◆ Task item ◆
Restate word for word the material below, starting at the line that contains "Grand pied de" and stopping after the last line; skip pictures.

◆ Stored data ◆

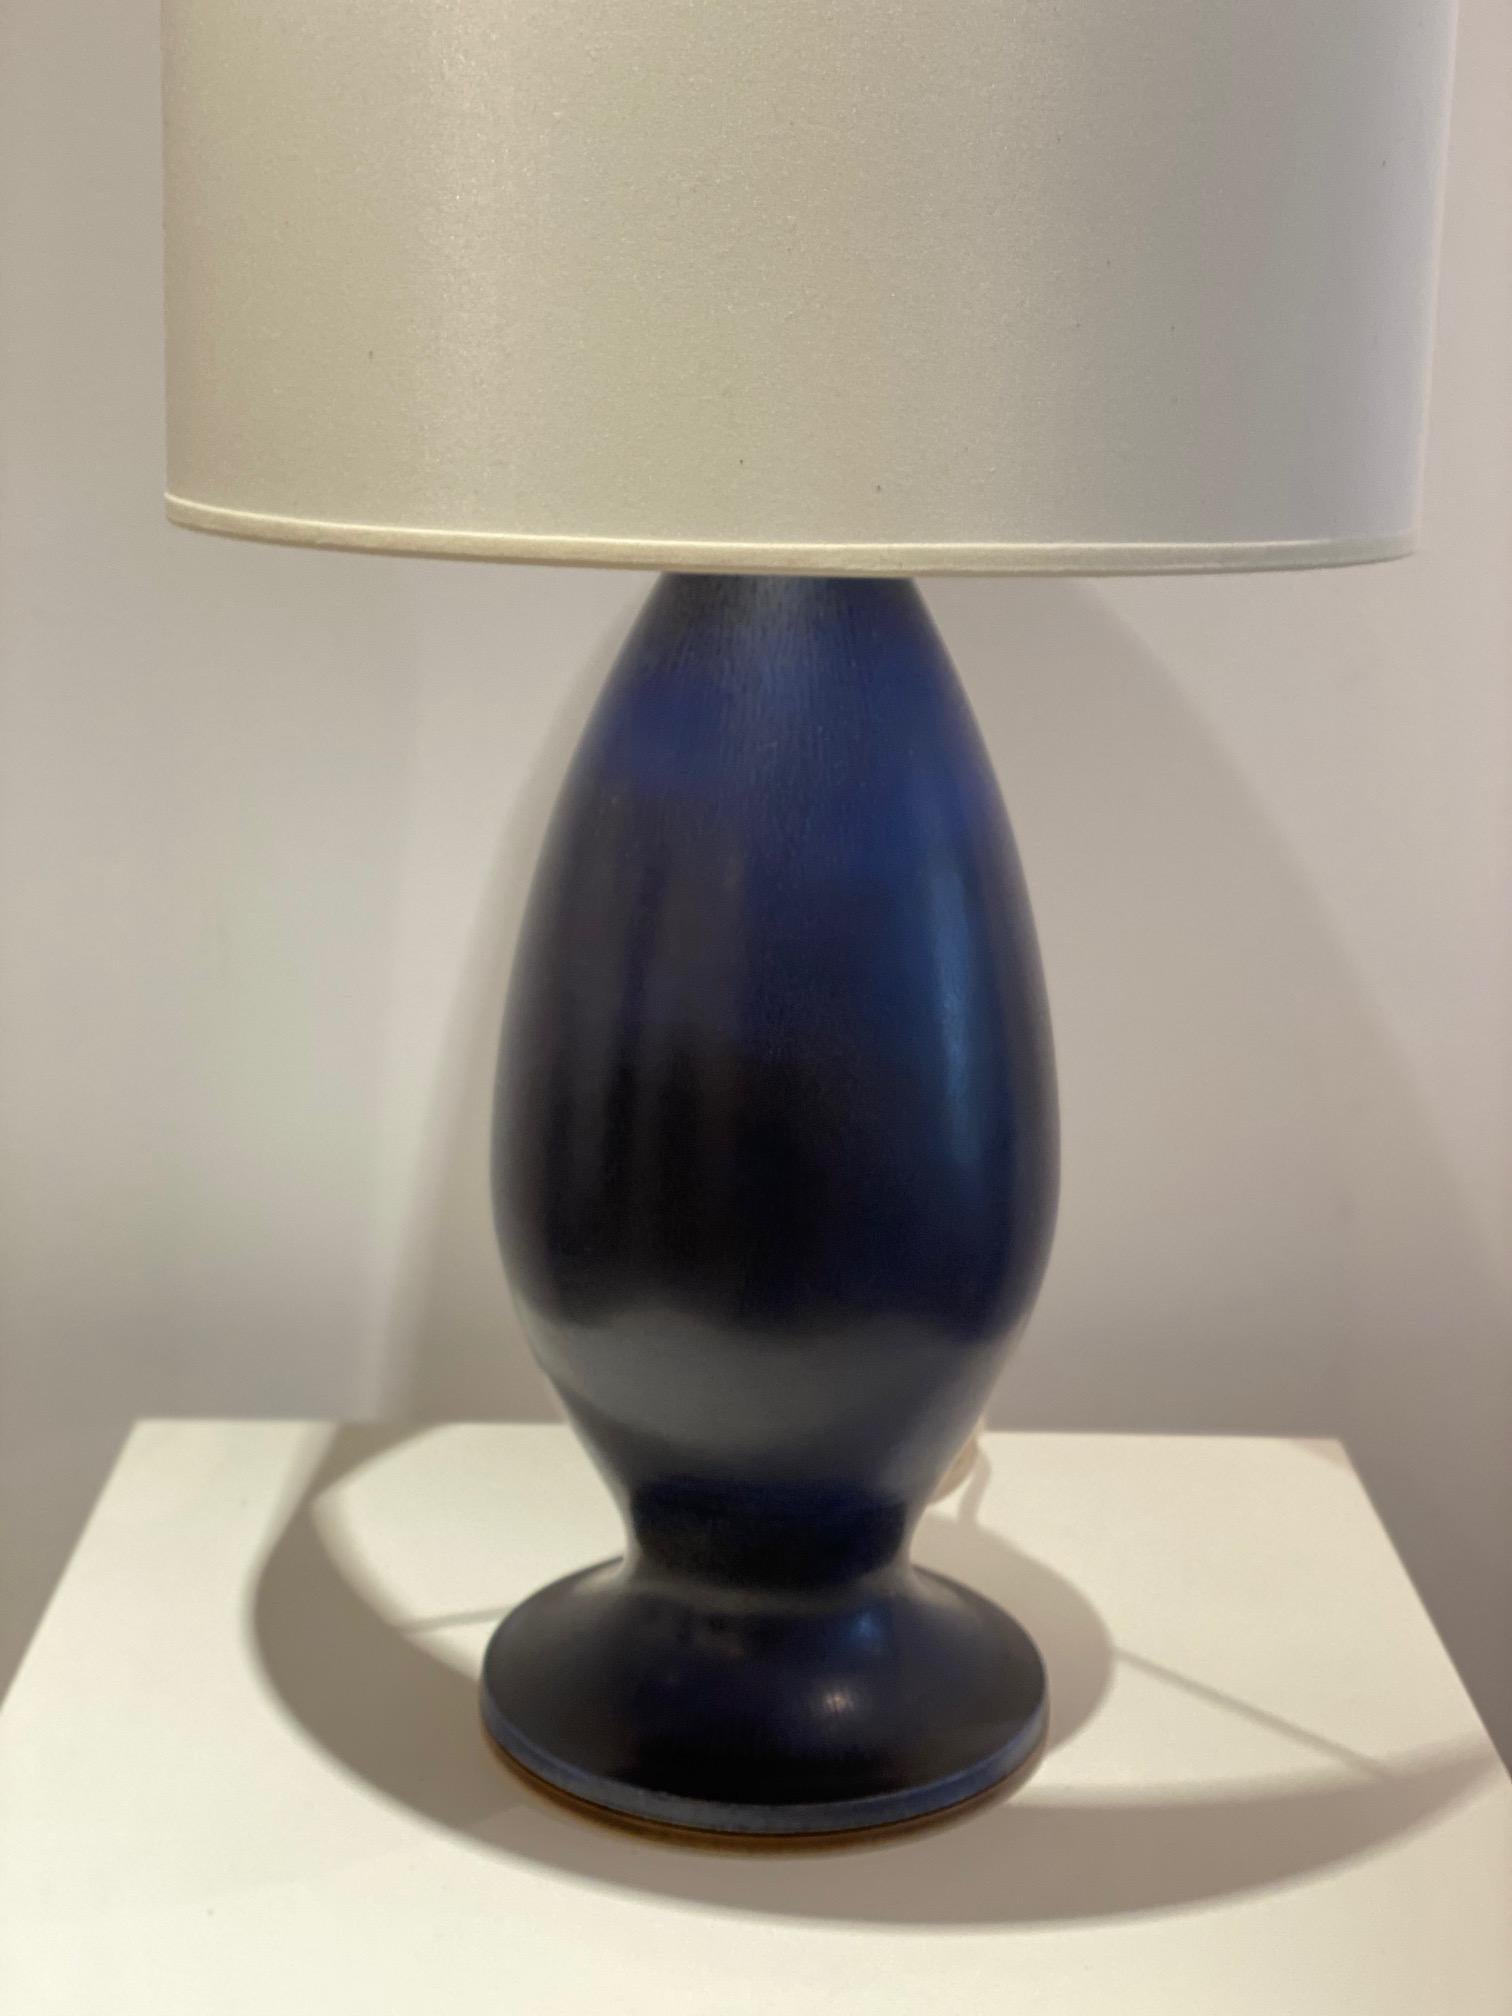 Berndt Friberg (1899-1988), Gustavsberg, Suède
Grand pied de lampe en émail bleu foncé HaresFur Signé de la main de l'atelier et marqué en dessous 
H 34 cm, la mesure de la hauteur concerne uniquement la sculpture en céramique (sans le système
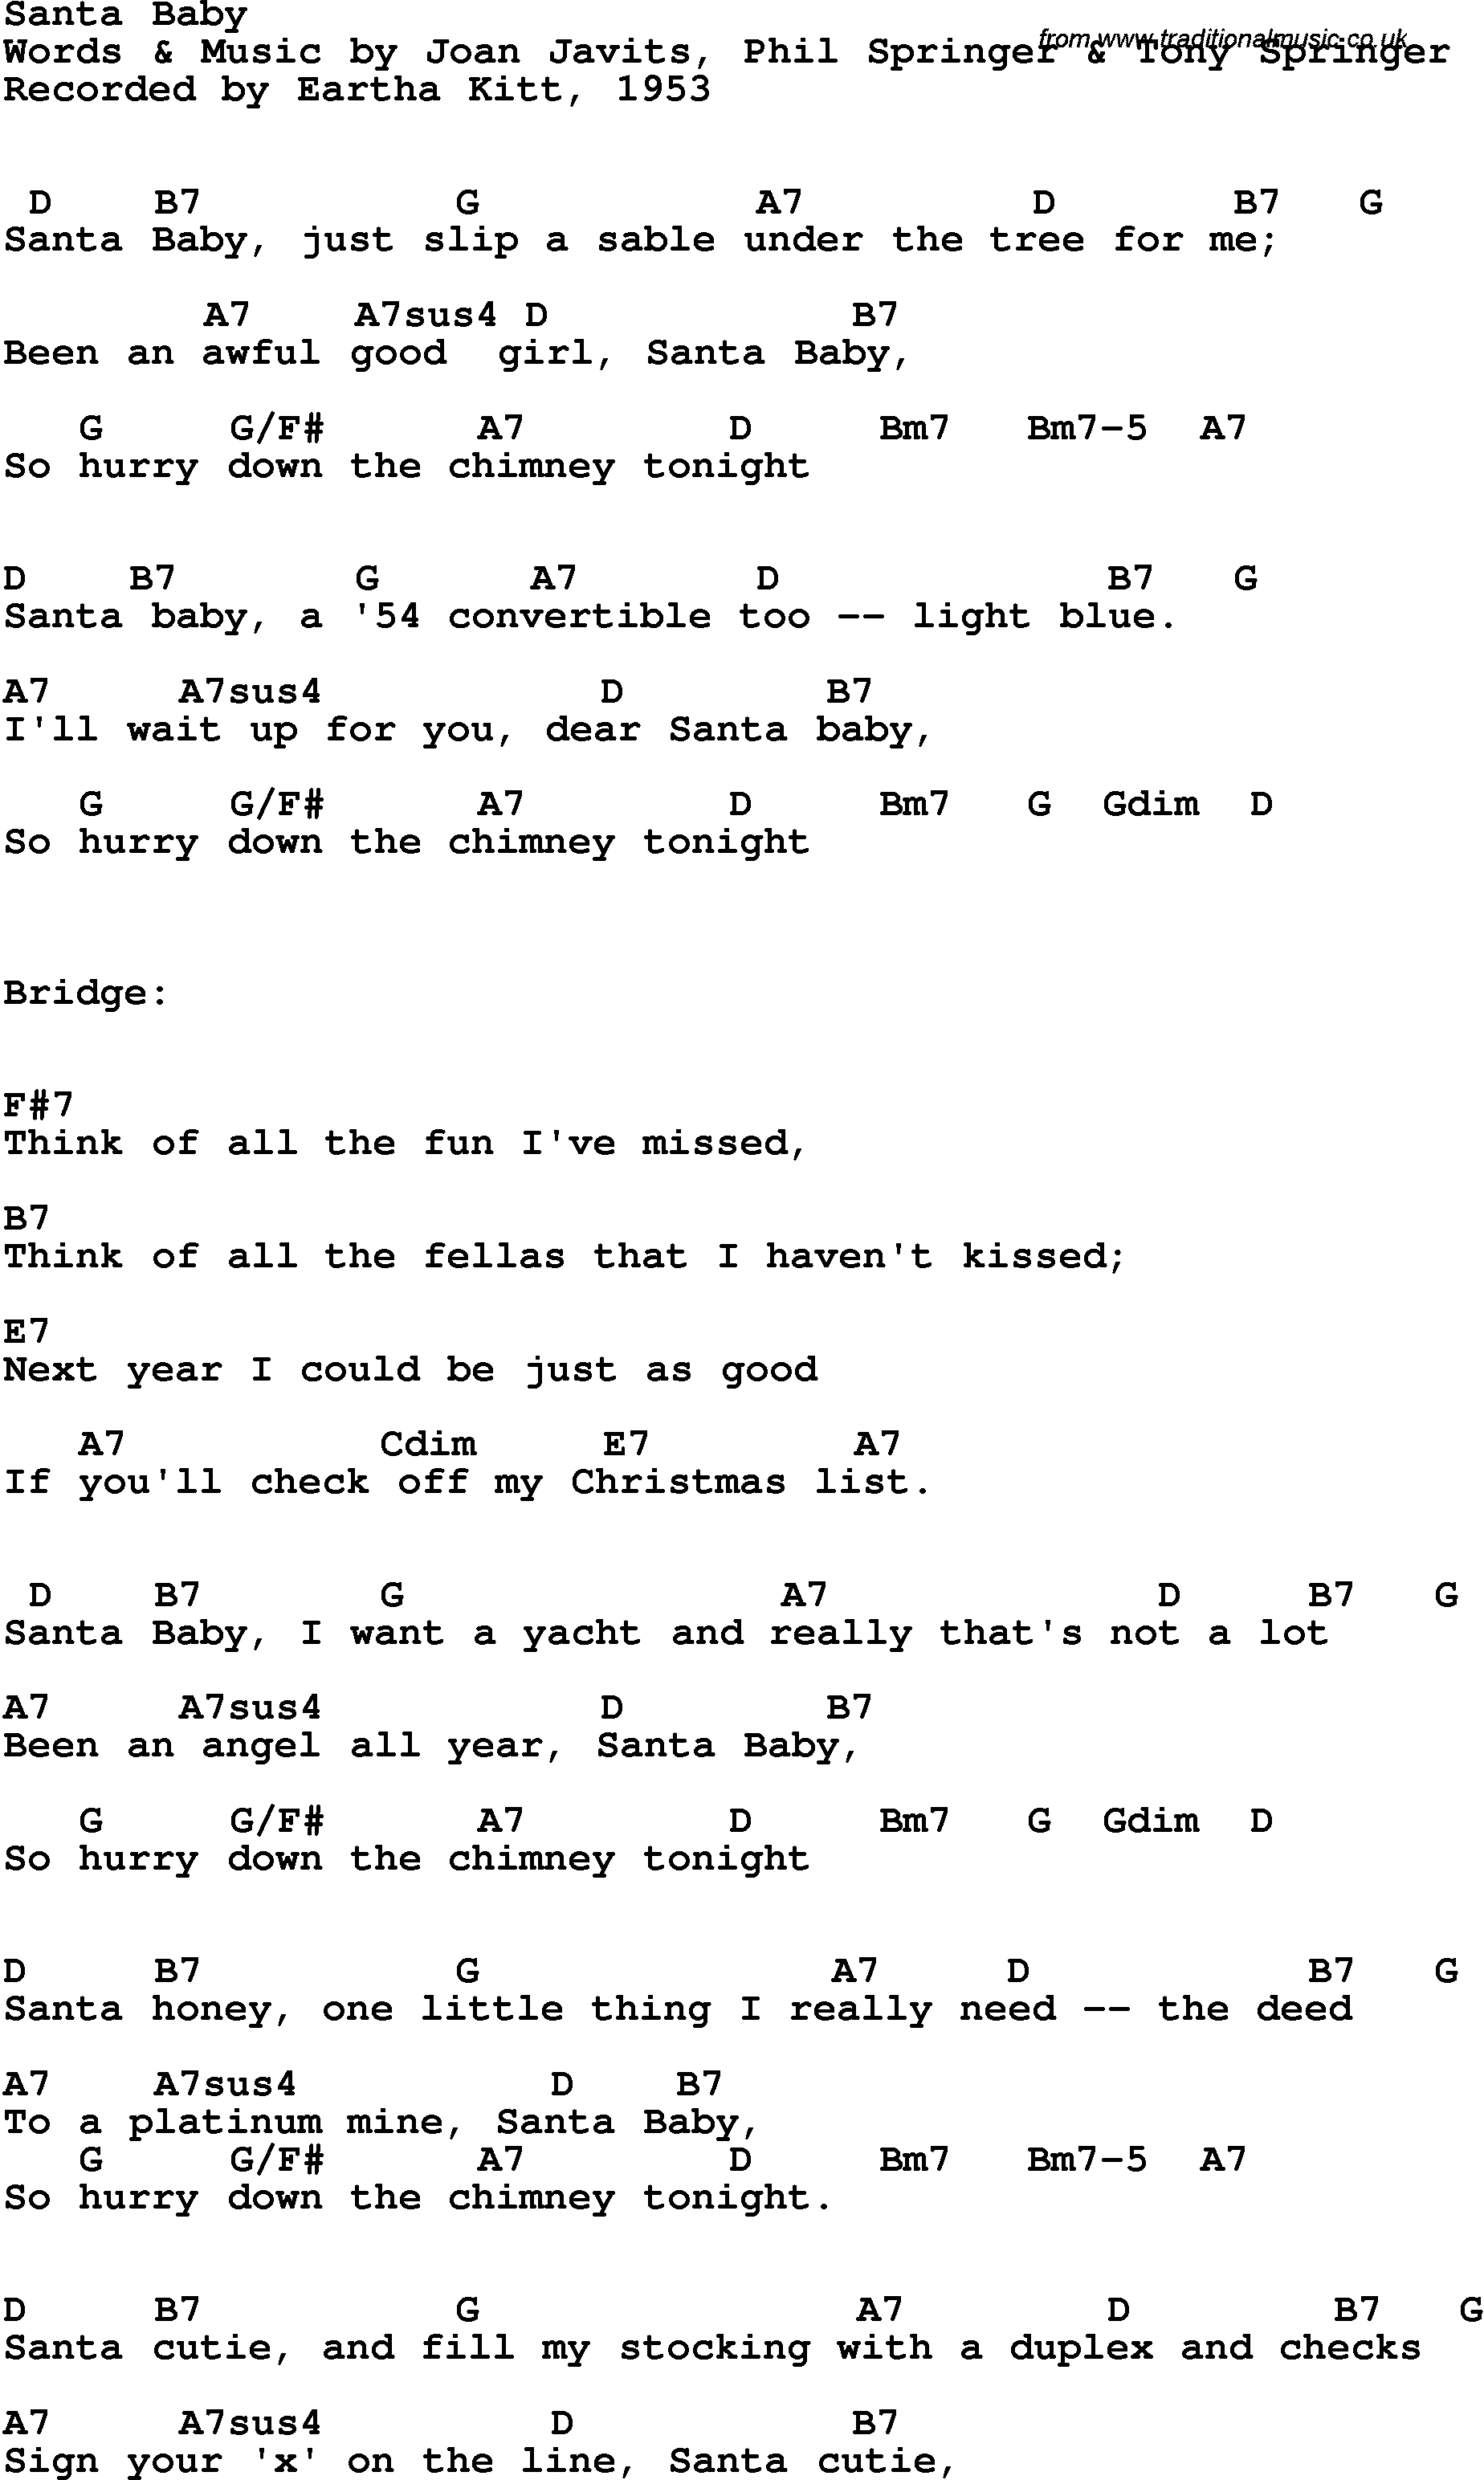 Song Lyrics with guitar chords for Santa Baby - Eartha Kitt, 1953

◆ Solution to this task ◆
Grand pied de lampe en émail bleu foncé HaresFur Signé de la main de l'atelier et marqué en dessous 
H 34 cm, la mesure de la hauteur concerne uniquement la sculpture en céramique (sans le système
 Song Lyrics with guitar chords for Santa Baby - Eartha Kitt, 1953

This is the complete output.